• TASK STATEMENT
Find the line with "Marino Infantry Marino" in the records below. Output exactly from there until after the line with "Medizinisches Konzept. Uber", without pictures.

• MATERIAL PROVIDED
========================================

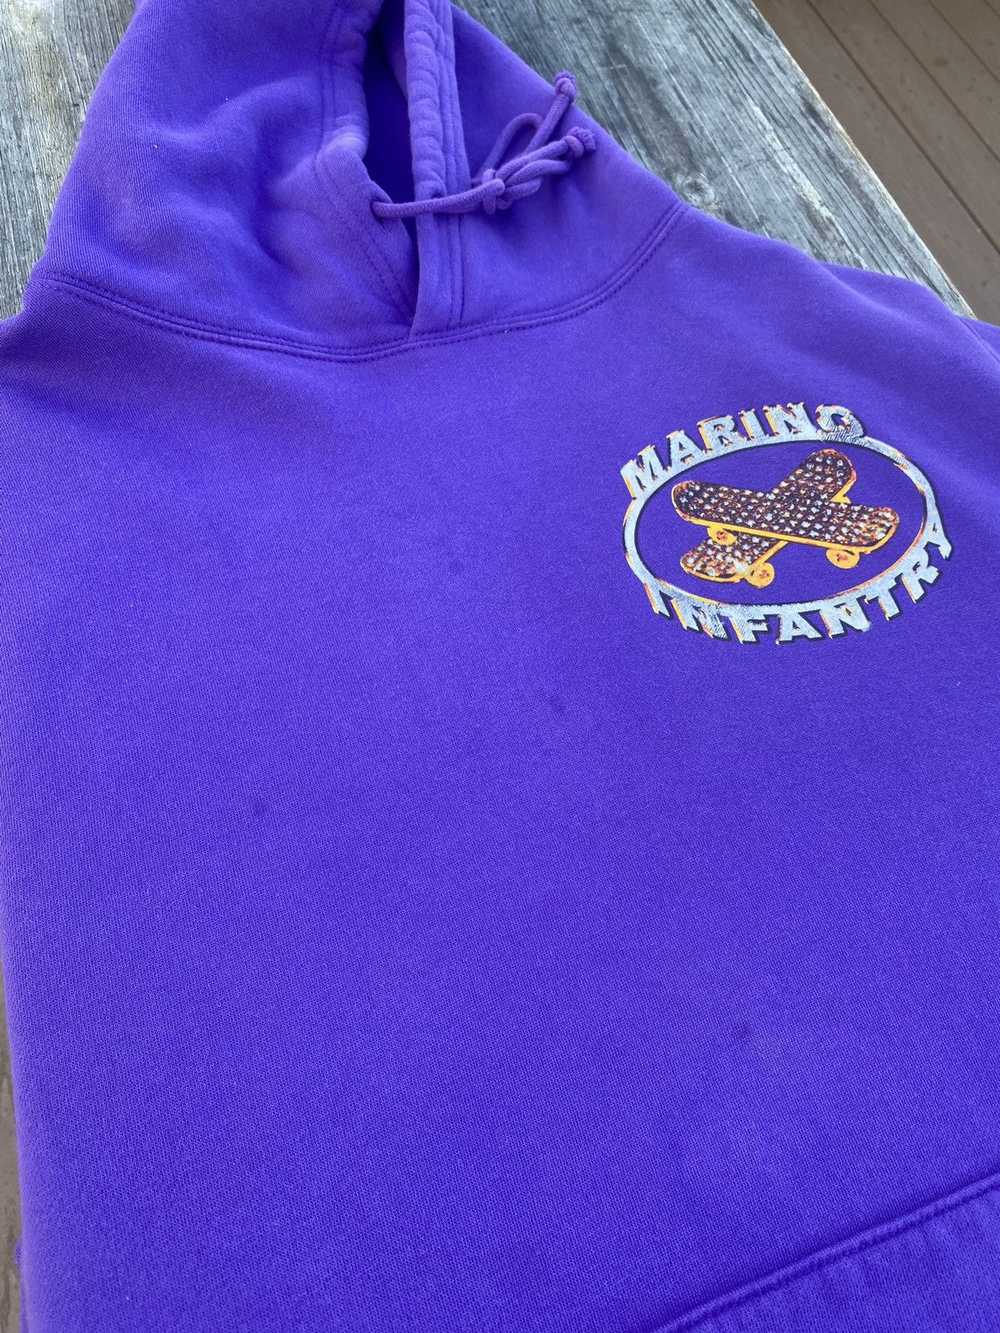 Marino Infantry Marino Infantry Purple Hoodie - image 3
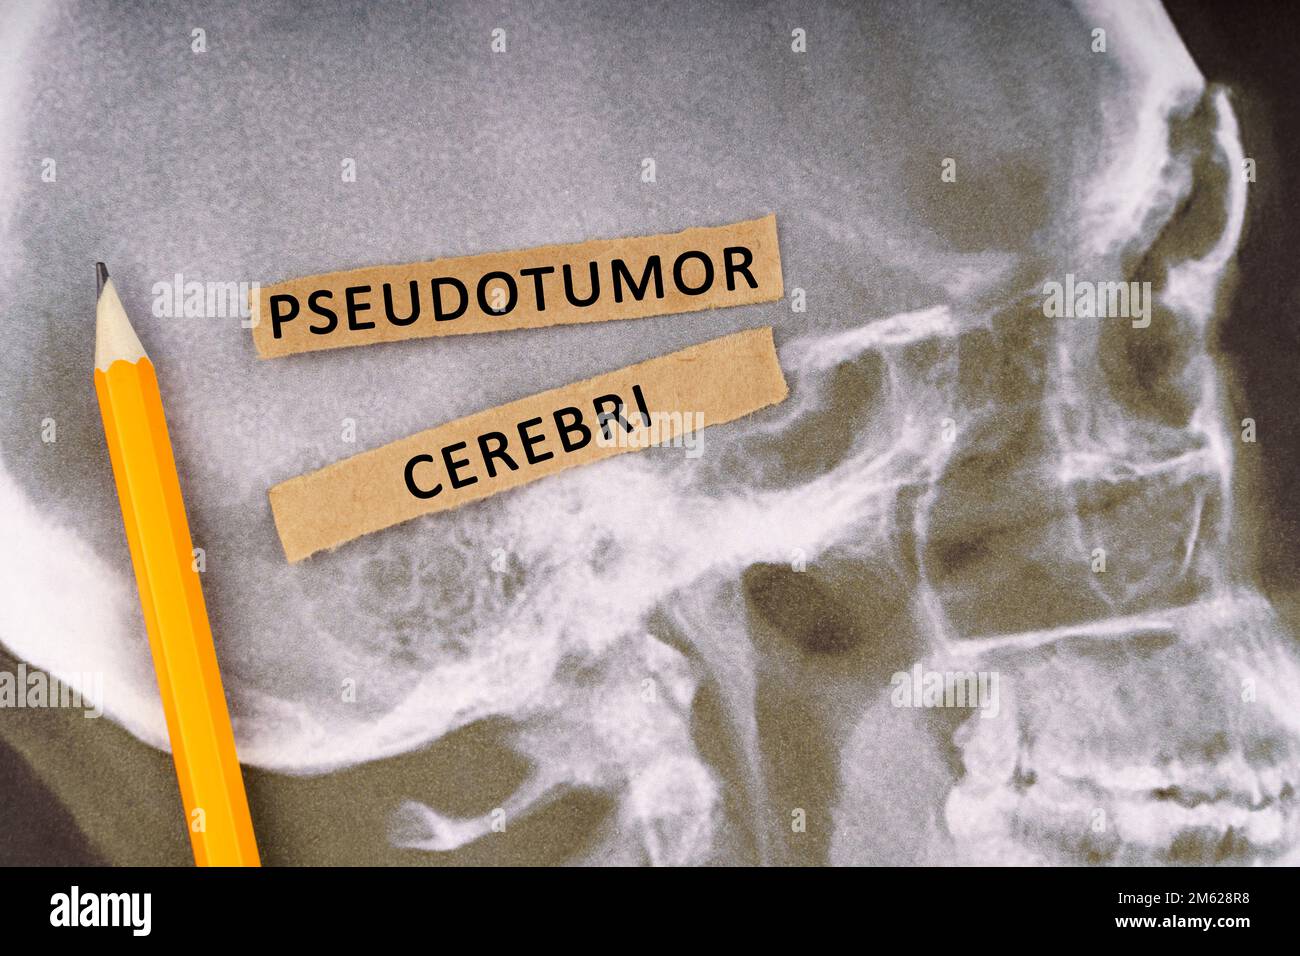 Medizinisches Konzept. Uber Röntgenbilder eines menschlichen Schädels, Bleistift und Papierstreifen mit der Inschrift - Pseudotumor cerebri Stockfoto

========================================

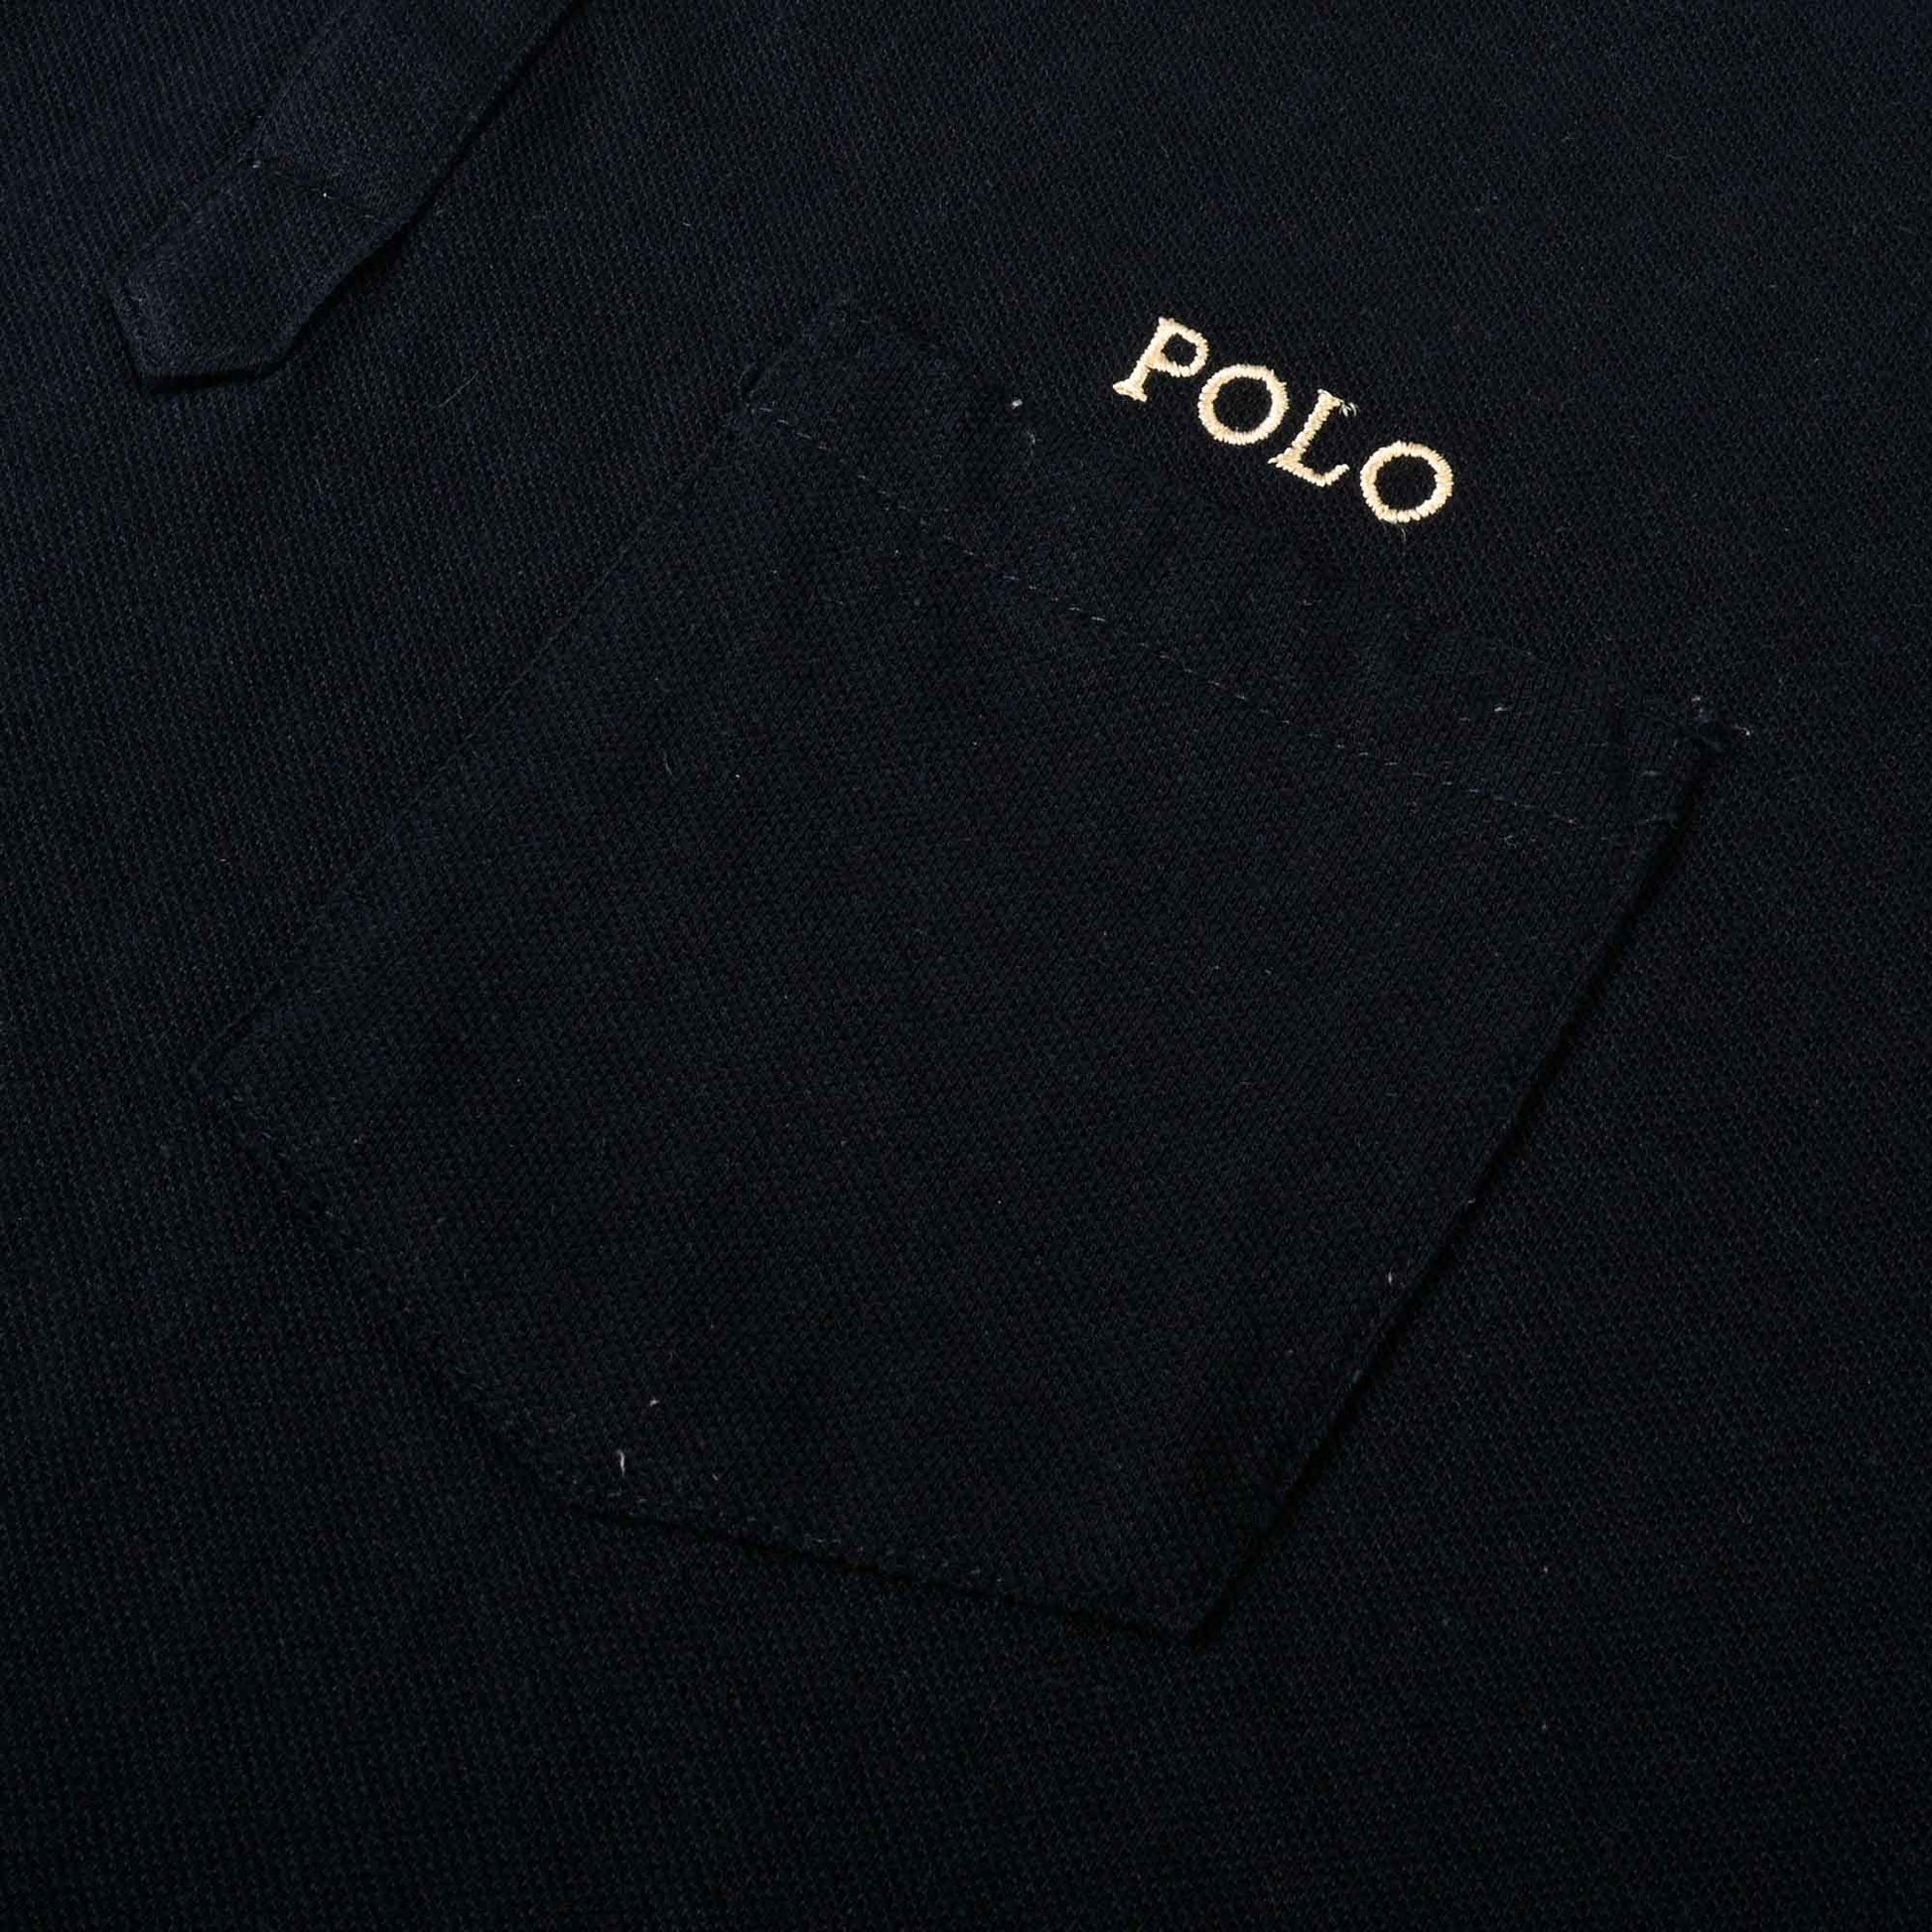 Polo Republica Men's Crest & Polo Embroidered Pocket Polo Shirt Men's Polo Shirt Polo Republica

========================================

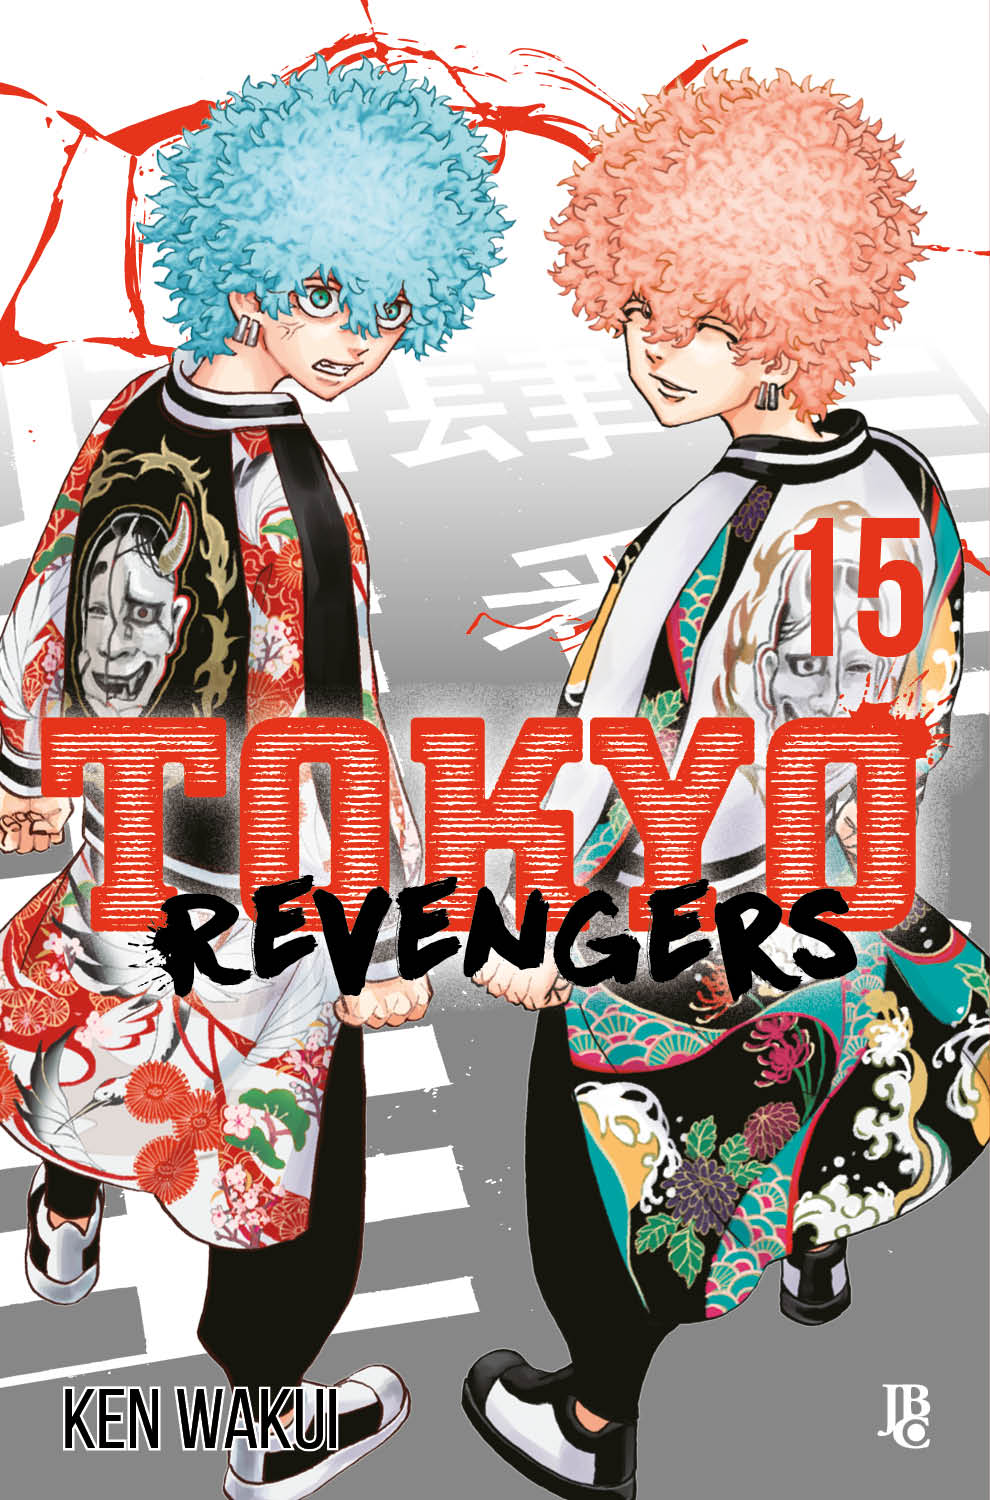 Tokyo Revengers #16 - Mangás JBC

========================================

• ANSWER BOX
 Marino Infantry Marino Infantry Purple Hoodie - image 3
 Medizinisches Konzept. Uber Röntgenbilder eines menschlichen Schädels, Bleistift und Papierstreifen mit der Inschrift - Pseudotumor cerebri Stockfoto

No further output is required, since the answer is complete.